Last Updated: 25 March 2019


ORDER PROHIBITING PUBLICATION OF NAME, ADDRESS,
OCCUPATION OR IDENTIFYING PARTICULARS OF THE DEFENDANT PURSUANT TO S 200 CRIMINAL PROCEDURE ACT 2011. SEE
IN THE HIGH COURT OF NEW ZEALAND AUCKLAND REGISTRY
I TE KŌTI MATUA O AOTEAROA TĀMAKI MAKAURAU ROHE
CRI-2016-044-004279
[2018] NZHC 2602
THE QUEEN
v
F


Hearing:
20-21 September 2018
Appearances:
N Webby for Crown
M Pecotic for Defendant
Judgment:
5 October 2018


JUDGMENT OF PALMER J



This judgment was delivered by Justice Palmer on 5 October 2018 at 3.00 pm

pursuant to R 11.5 of the High Court Rules Registrar / Deputy Registrar Date...........................




Solicitors:

Meredith Connell, Auckland M Pecotic, Barrister, Auckland



R v F [2018] NZHC 2602 [5 October 2018]

Summary


[1] Ms F pleaded guilty to two charges of supplying methamphetamine and one charge of supplying cocaine, which are both class A drugs.1 The Crown submits she should be sentenced on the basis she was the kingpin of a large methamphetamine supply operation. Ms F submits she was a “Tongan blonde” who was only a minor cog in the operation. After a disputed facts hearing, I consider it is established beyond reasonable doubt that Ms F passed on directions about the supply of methamphetamine and counted and delivered money. That was an important and crucial role. But I do not consider it is established beyond reasonable doubt that she was the kingpin directing or organising the operation.

Context of offending

Charges


[2] Ms F was charged, along with a number of other defendants, with supplying very large amounts of methamphetamine, and a lesser but still large amount of cocaine. Relevantly, Mr Henry Robati pleaded guilty to a charge of supplying, and Mr Adrian Le’Ca and Mr Fred Uputaua pleaded guilty to charges of possessing, 14.9 kilograms of methamphetamine and 1.9 kilograms of cocaine on 30 September 2016. Mr Callan Hughes pleaded guilty to supplying nine kilograms of methamphetamine on 8 November 2016.

Ms F’s pleas


[3] Ms F was due to stand trial on 12 charges of supplying methamphetamine and one of supplying cocaine.
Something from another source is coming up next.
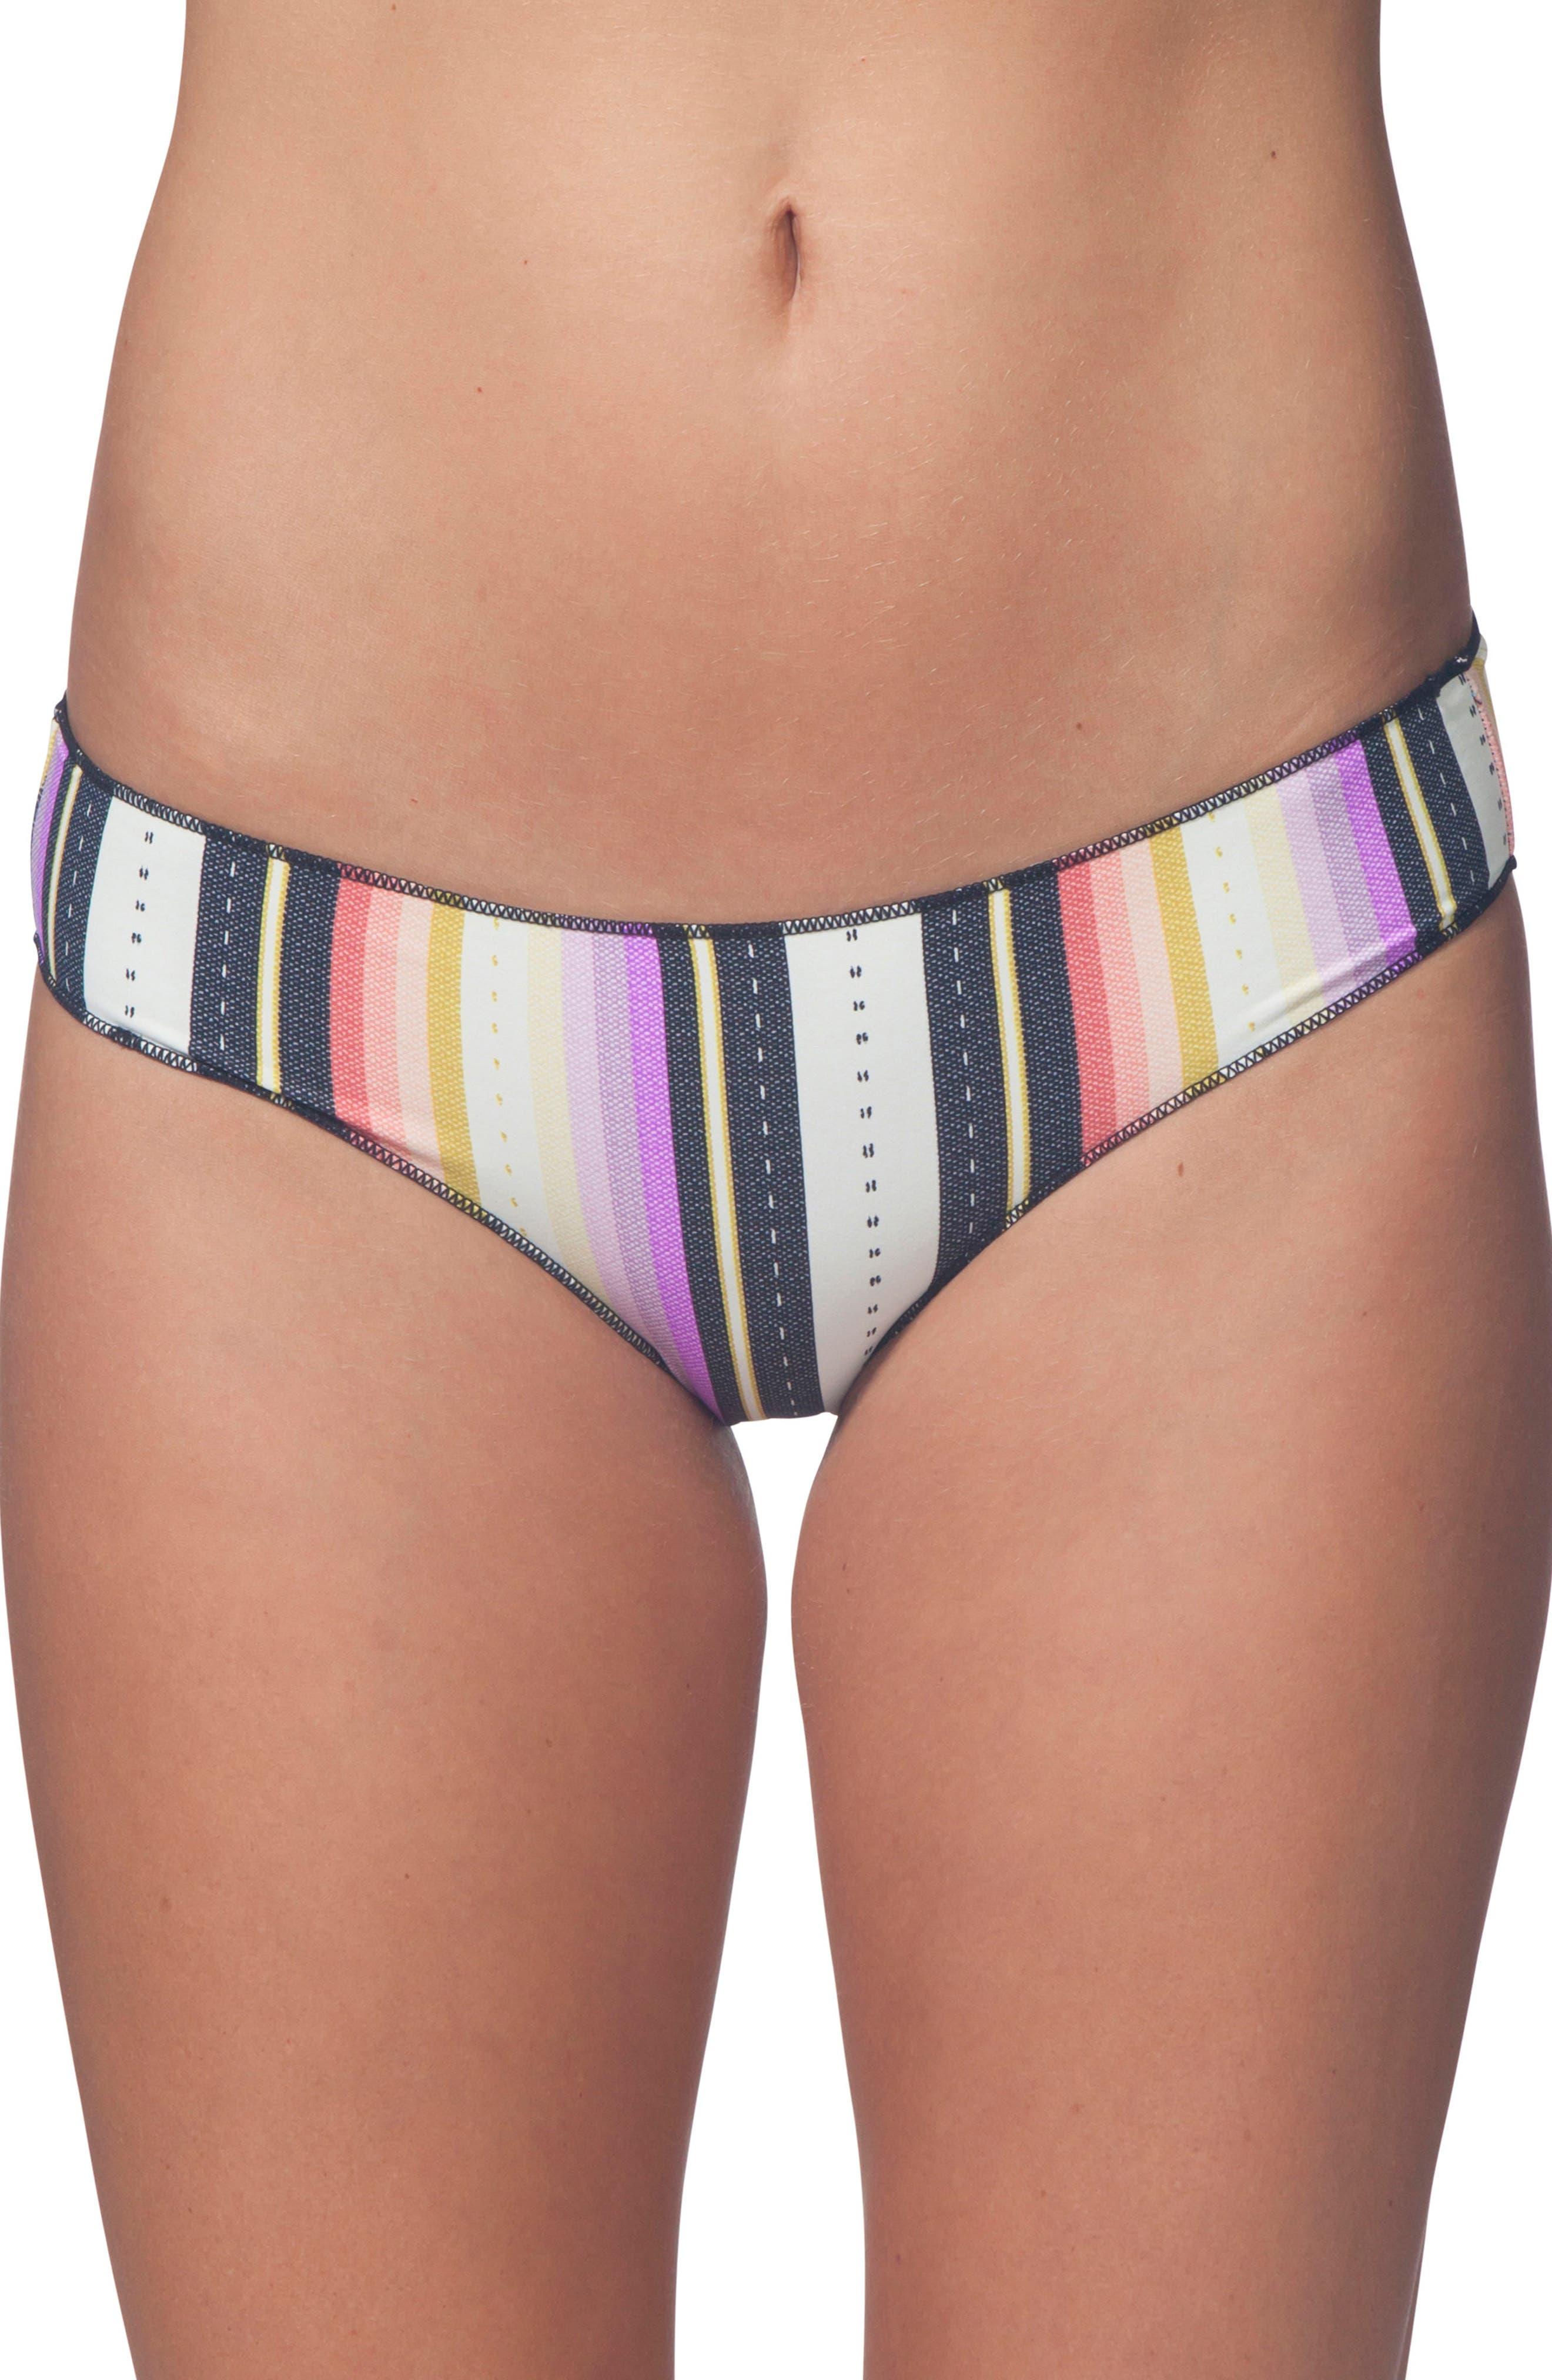 Sayulita Stripe Hipster Bikini Bottoms,                             Main thumbnail 1, color,                             White Multi

On Wednesday 20 June 2018, the day before the trial was due to commence, she pleaded guilty to three charges:2

(a) one charge of supplying 14.9 kilograms of methamphetamine and one charge of supplying 1.9 kilograms of cocaine to Mr Le’Ca and


  1. Ms F is due to be tried on further charges in April 2019, so her name and identifying particulars are suppressed until then to preserve her fair trial rights.

2 Minute No 3 of Palmer J, dated 20 June 2018.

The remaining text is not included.